Source material
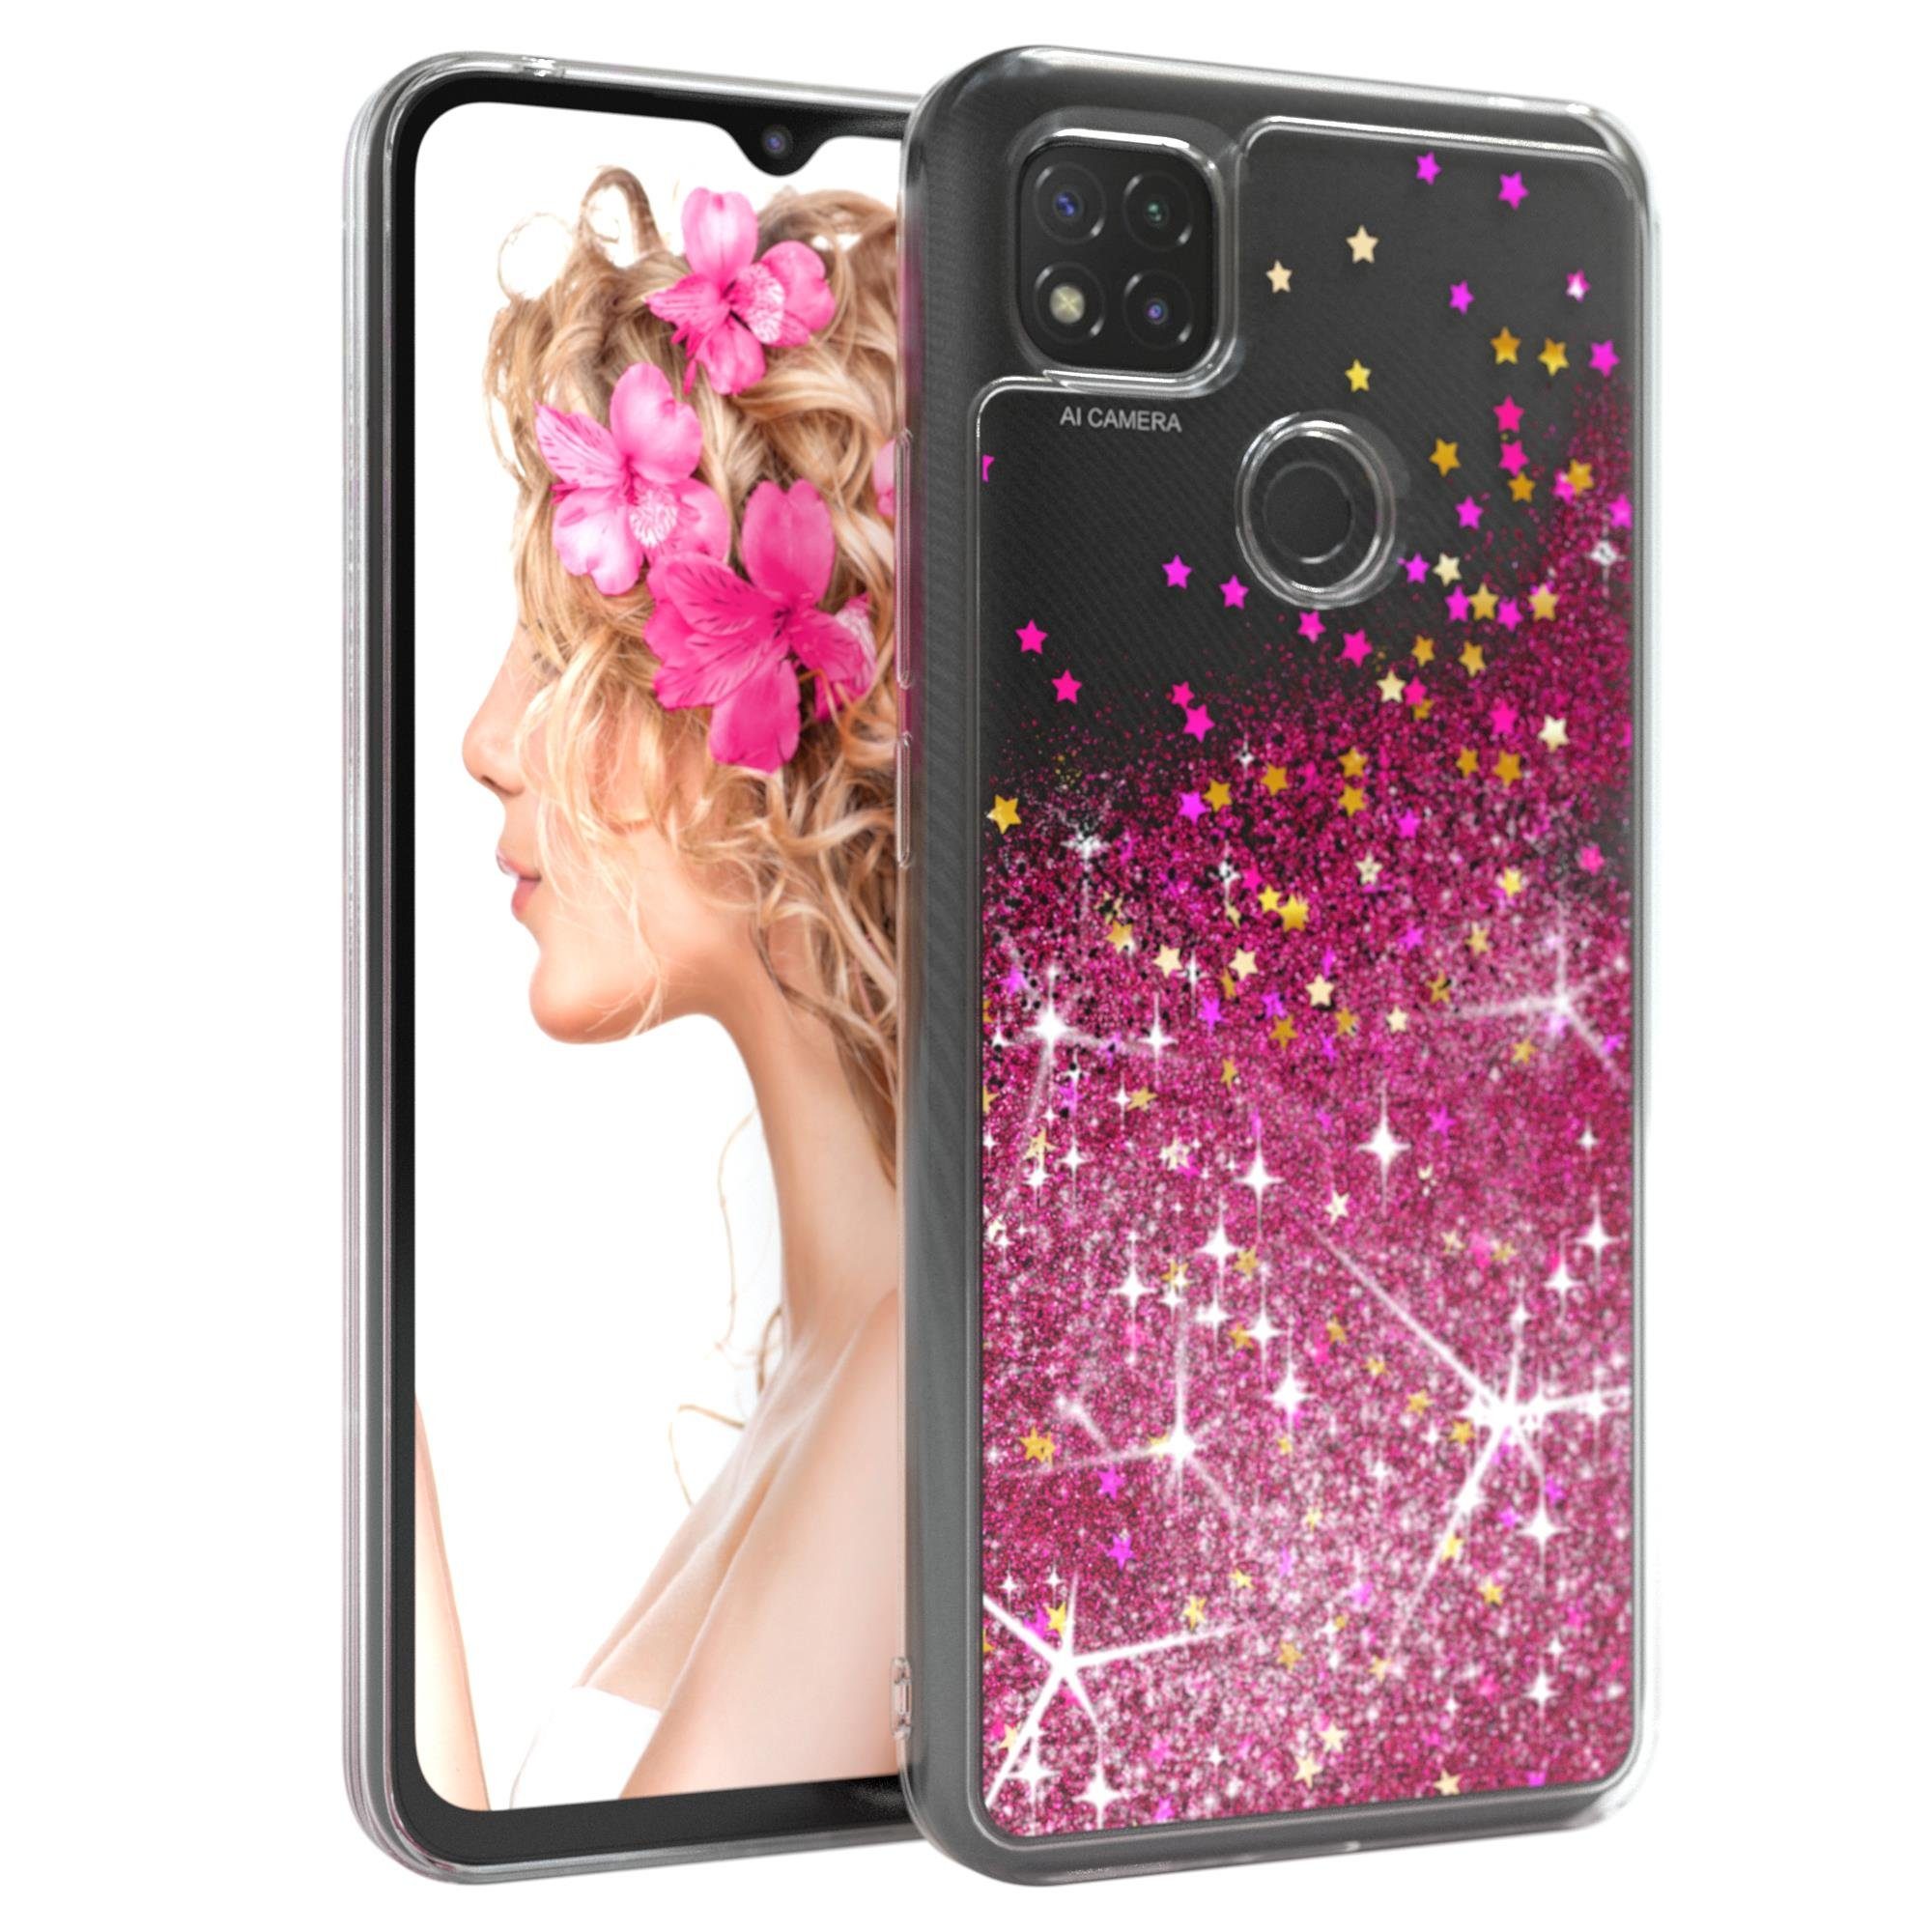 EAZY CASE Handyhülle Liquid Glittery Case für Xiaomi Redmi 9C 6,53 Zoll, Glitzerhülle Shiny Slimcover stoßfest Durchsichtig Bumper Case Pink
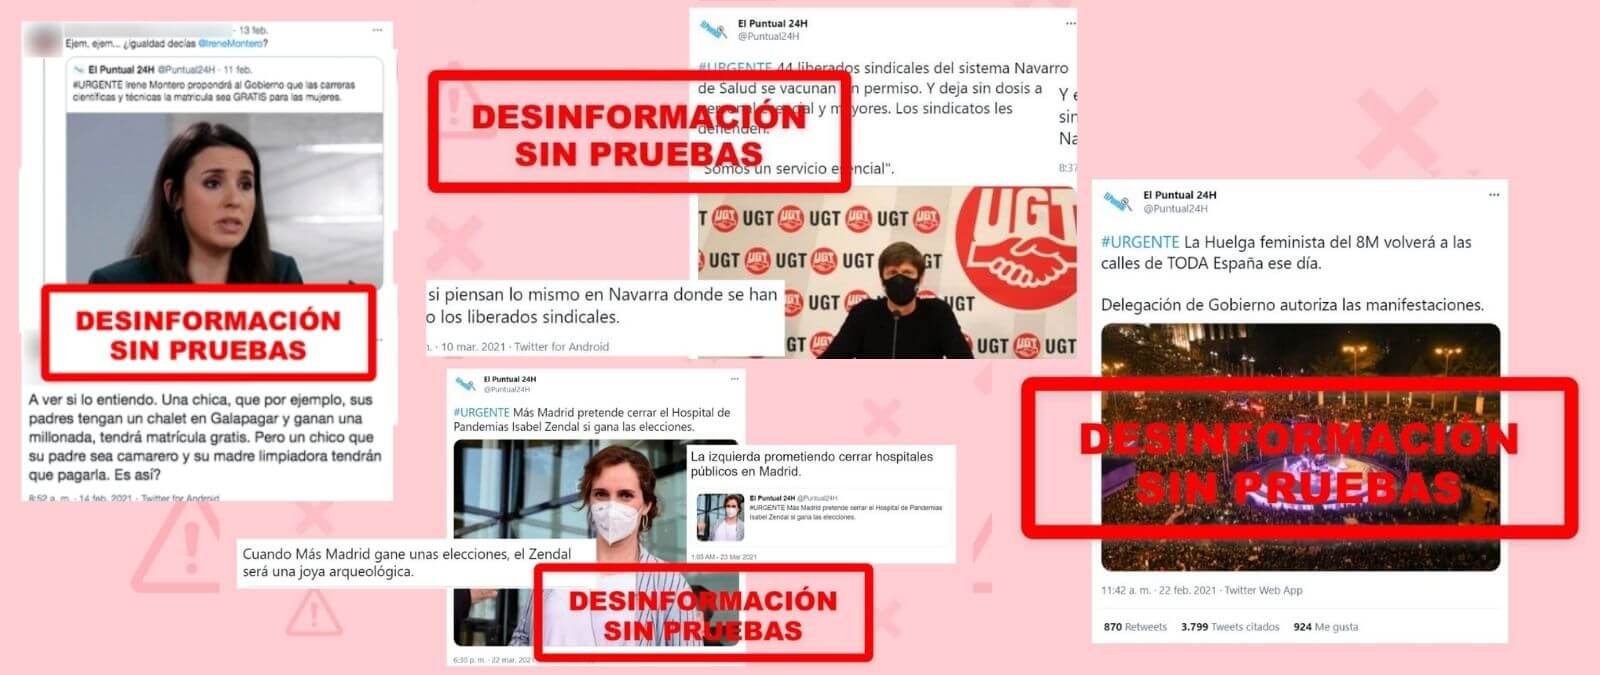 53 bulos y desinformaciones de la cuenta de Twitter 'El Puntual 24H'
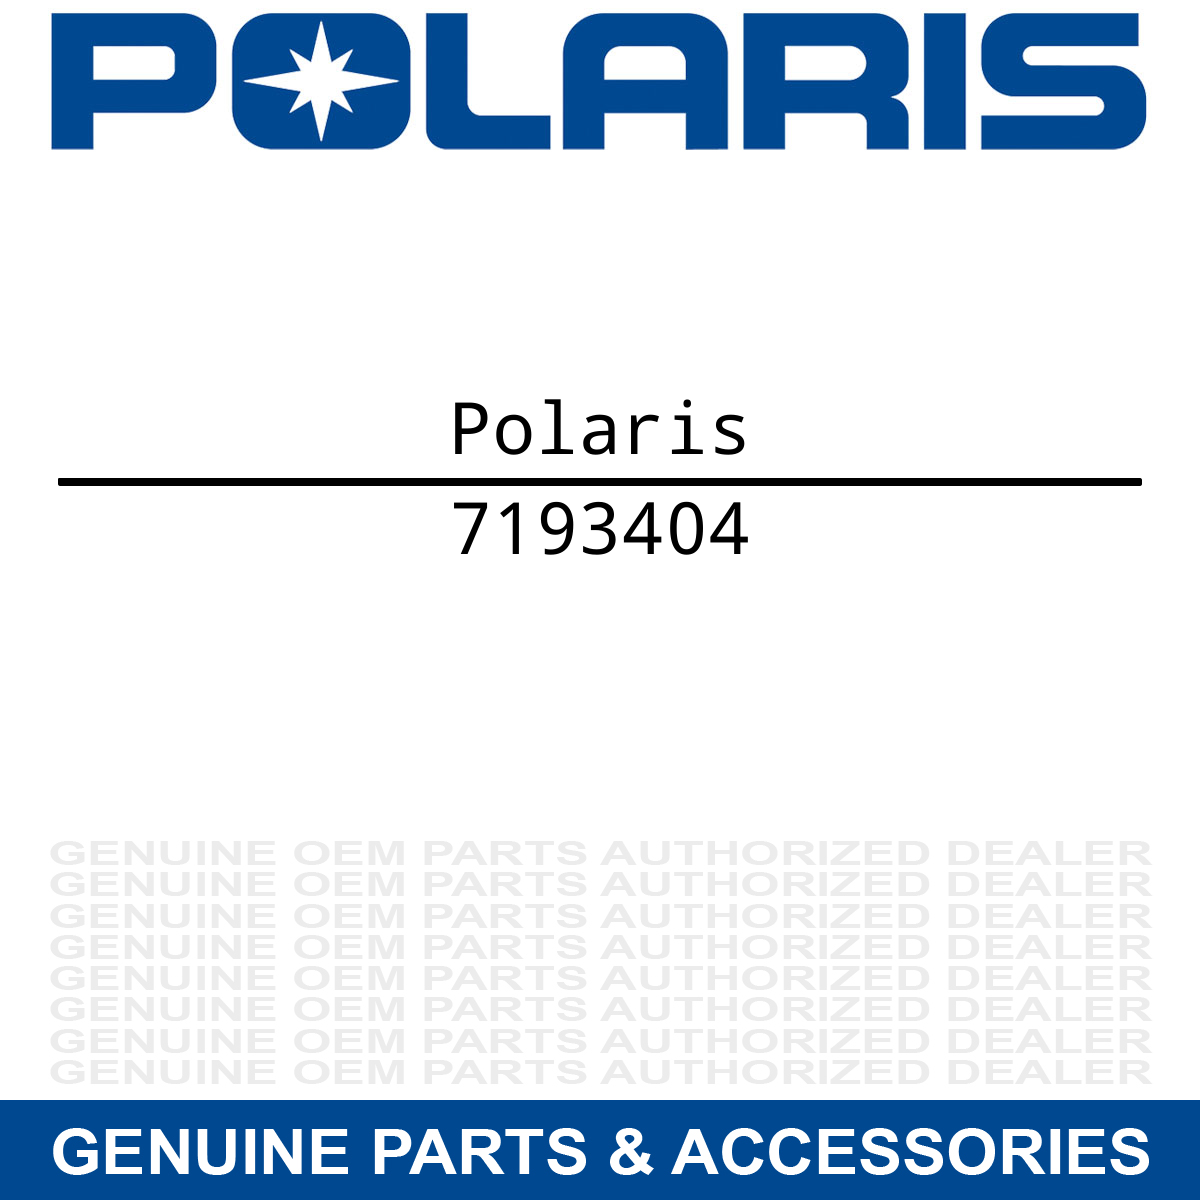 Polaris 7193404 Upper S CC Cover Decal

Work instructions
The pictures stay out; copy the rest of the data word for word.

Solution to the problem
 EAZY CASE Handyhülle Liquid Glittery Case für Xiaomi Redmi 9C 6,53 Zoll, Glitzerhülle Shiny Slimcover stoßfest Durchsichtig Bumper Case Pink
 53 bulos y desinformaciones de la cuenta de Twitter 'El Puntual 24H'
 Polaris 7193404 Upper S CC Cover Decal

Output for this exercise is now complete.